You may have highly contrasting, quickly shifting thoughts – about your marriage, work, yourself, and more. For example, you may alternate from wishing you were with a different spouse and believing you’re only worthy of a husband like Jamie Fraser in Outlander (no average husband will do for you!) to thinking no one will possibly want you if you end up on the dating market if you do end up divorcing your spouse.

You may, in one hour, believe you’re the best contributor on your team and a shoo-in for promotion, strongly doubting yourself and questioning whether you are even employable in the next hour. This mental vacillation can be exhausting, confusing, and is often a common hallmark of coming from a childhood history that failed to help you integrate a reasonable, sound, and stable self-image.

4. When you come from a relational trauma background, becoming a parent can feel both healing and triggering to you at the same time.

The experience of becoming a parent can feel healing because of the love you feel for your child and the reparative experience of getting to treat someone in the way you wish you had been treated.

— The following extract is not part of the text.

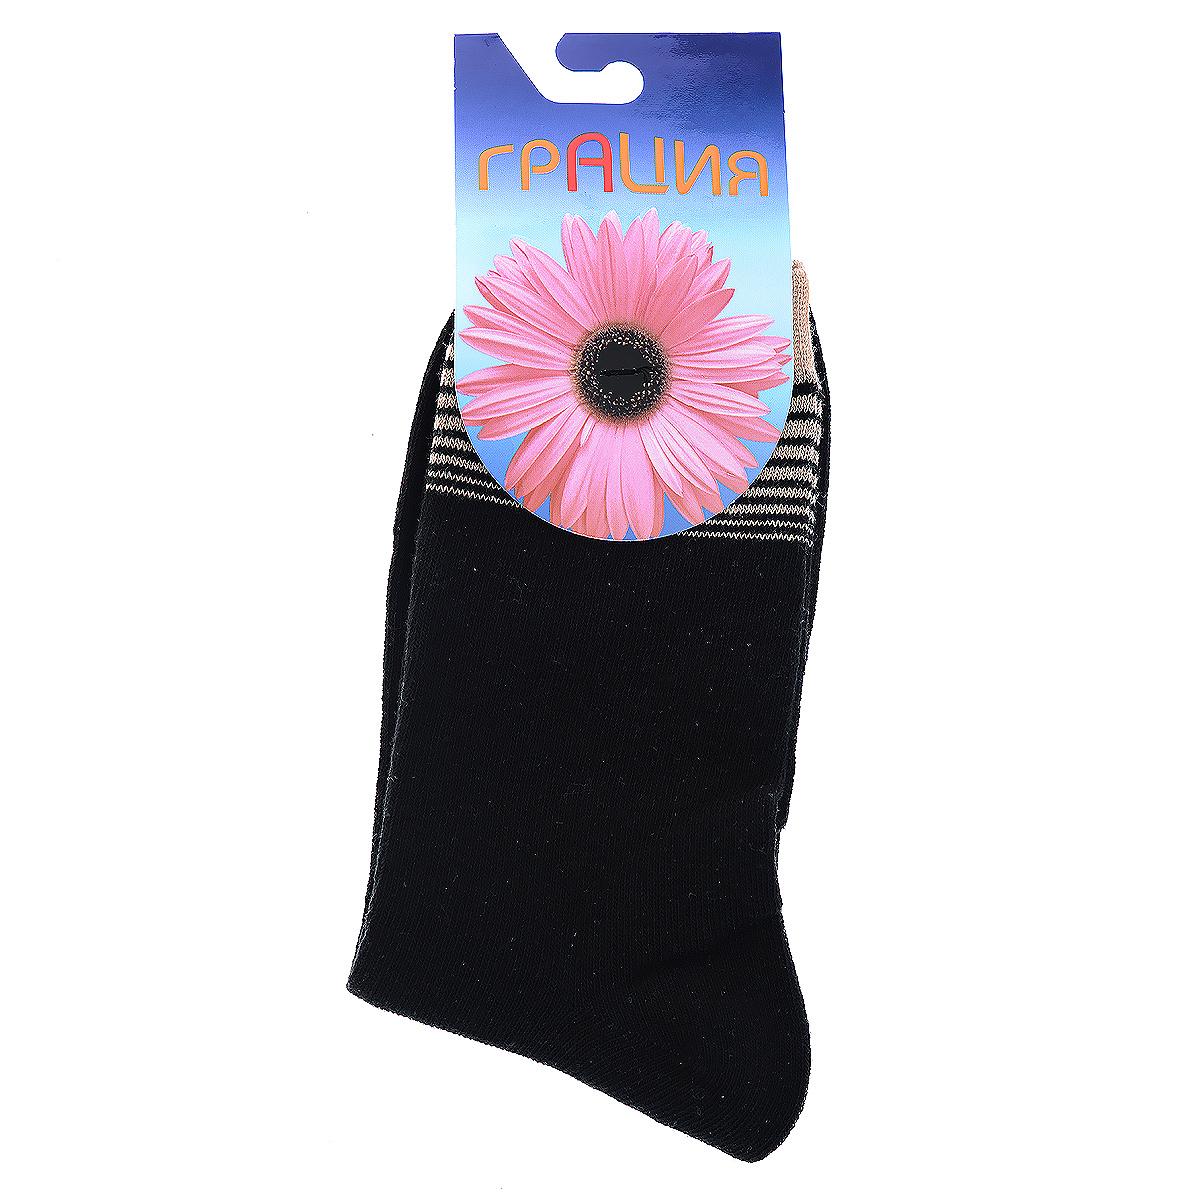 Носки женские Грация, цвет: черный, бежевый. Н 002-16-19. Размер 38/40 носки женские грация цвет светло серый h 003 размер 38 40
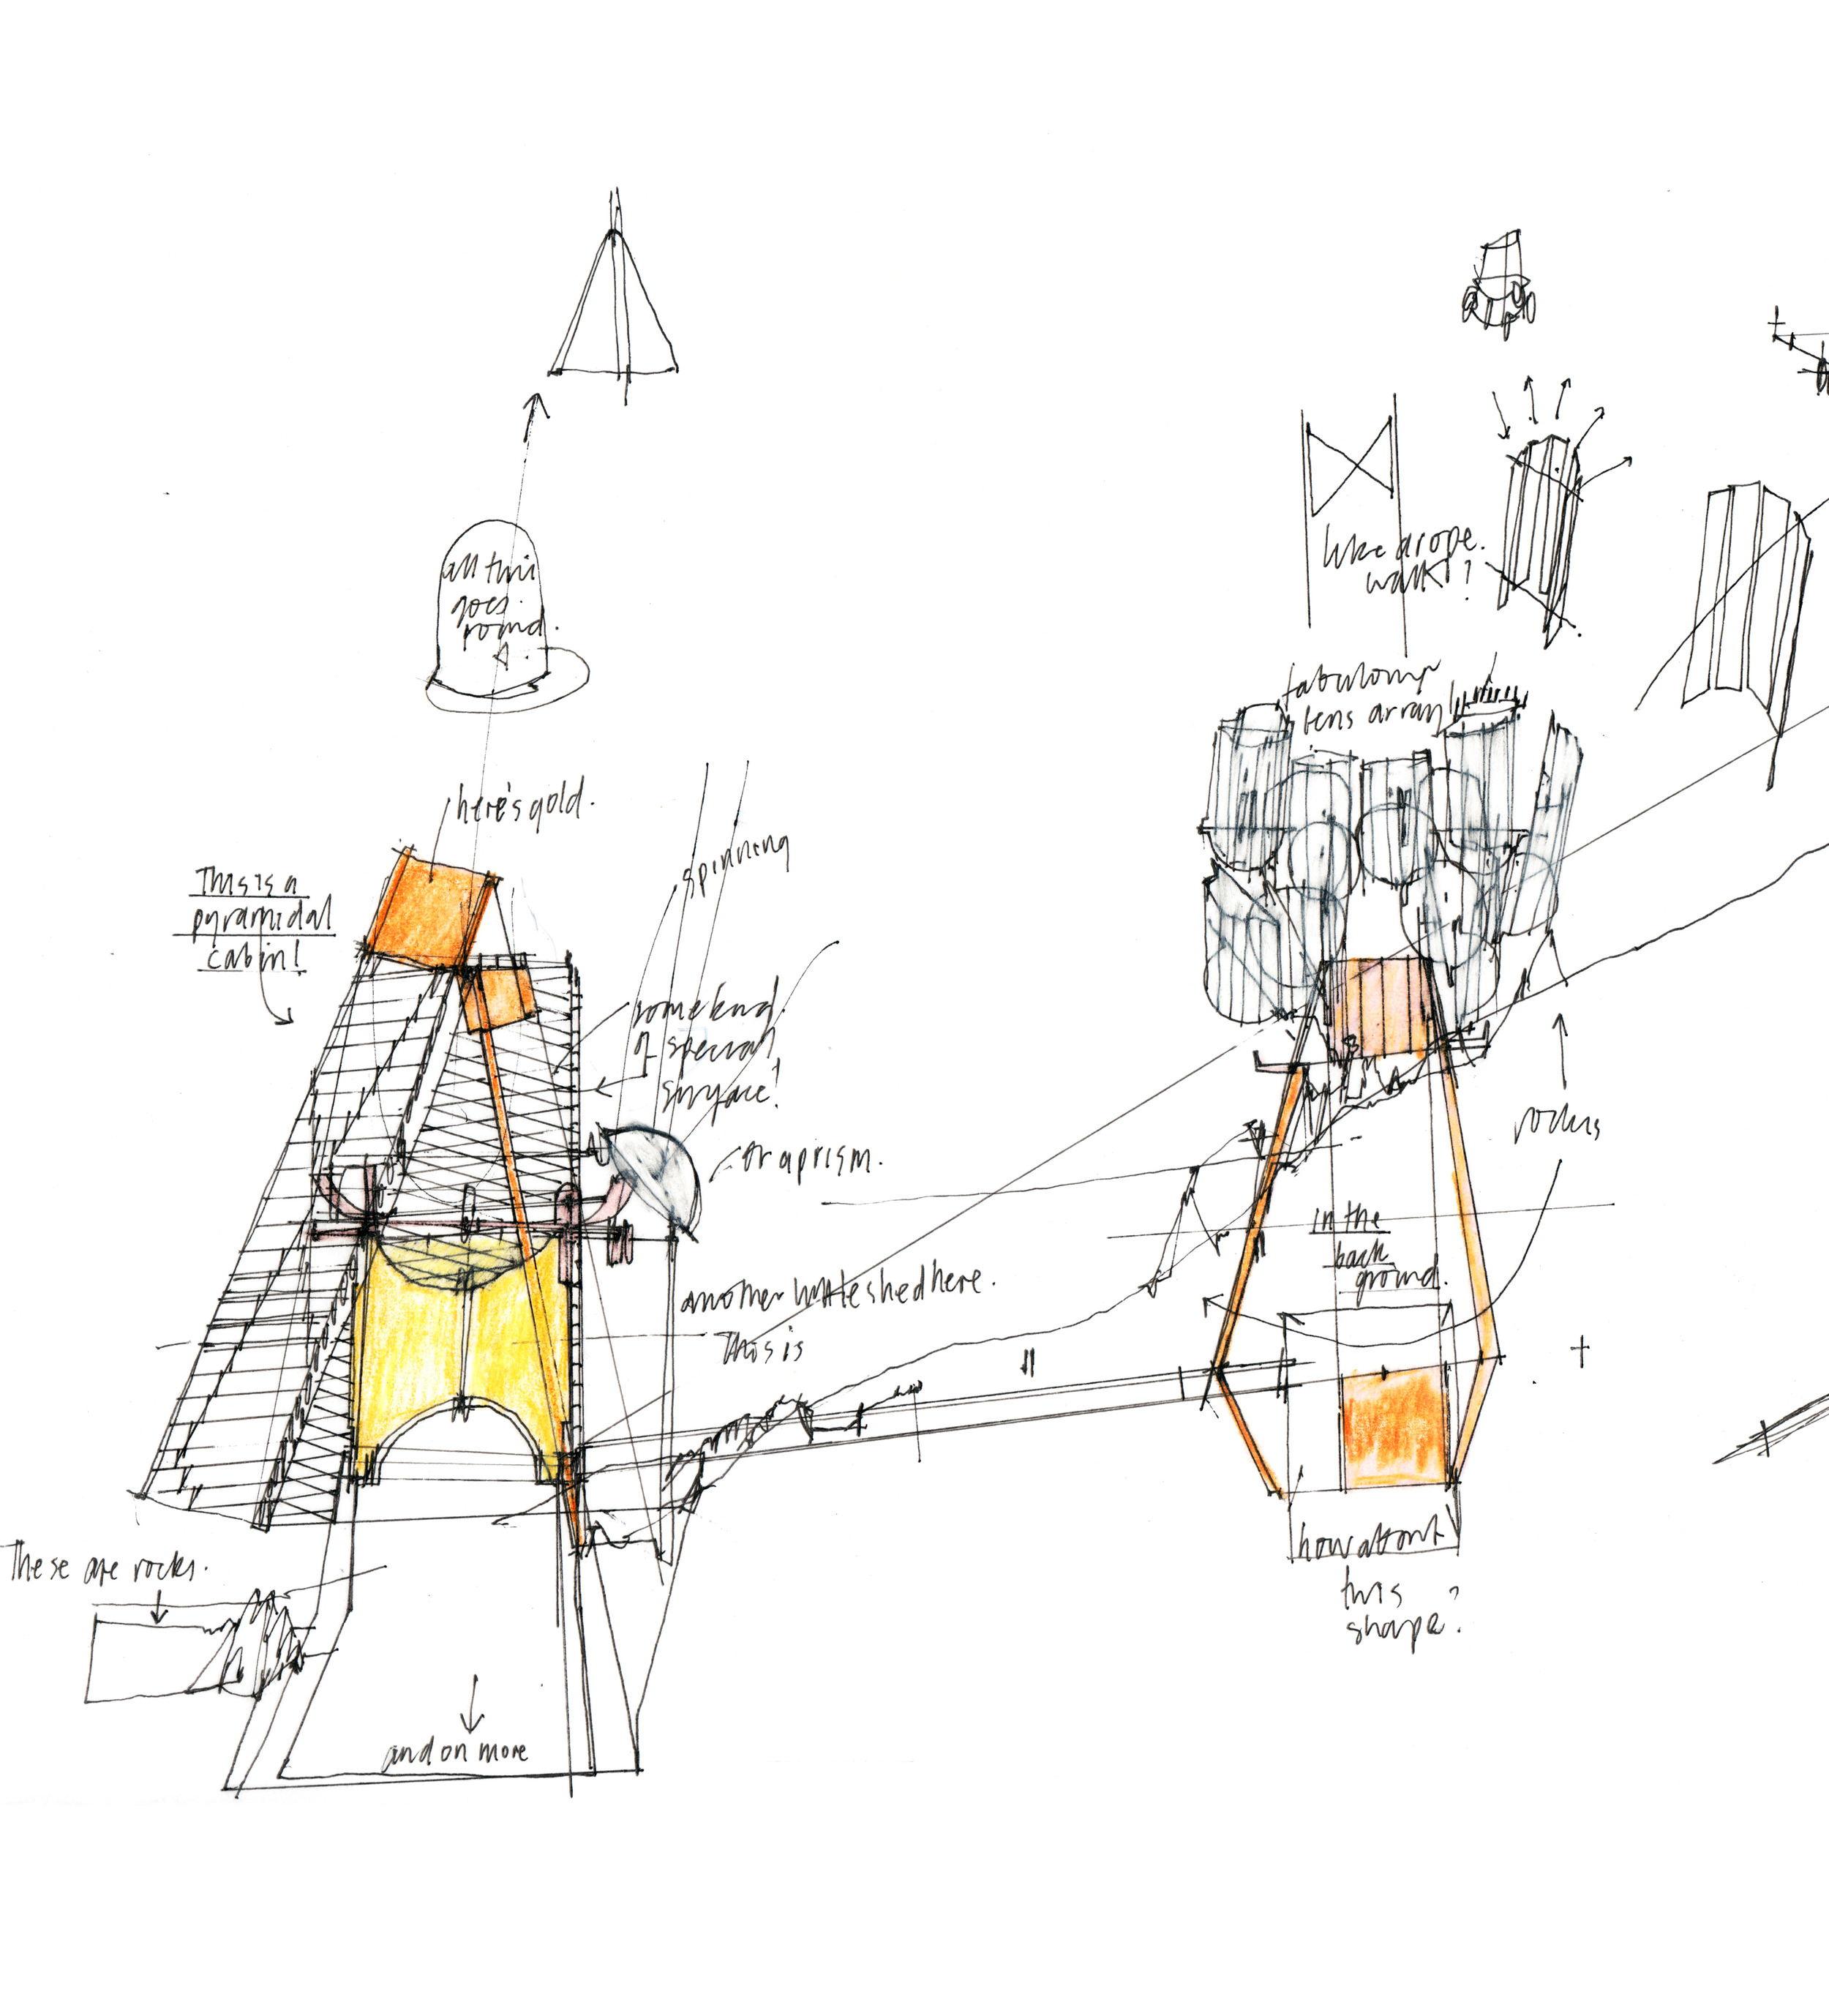 Speedof light sketch.jpg

But also, the experience of becoming a parent can also be triggering because you now have a vivid contrast to how you were treated and this contrast can make you feel even angrier at your caregivers for failing you so egregiously.

And also – and this is important to understand – you may even be triggered with jealousy of “how easy your kid will have it” compared to what you went through. You can want the best for your child and also feel jealousy about it at the same time. When you come from a relational trauma background, these contrasting experiences aren’t mutually exclusive – both things can be true at once when you parent.

5. When you come from a relational trauma background, you may feel like you have to work harder than most to “stay positive” and keep mentally healthy and you can sometimes (or often) resent this.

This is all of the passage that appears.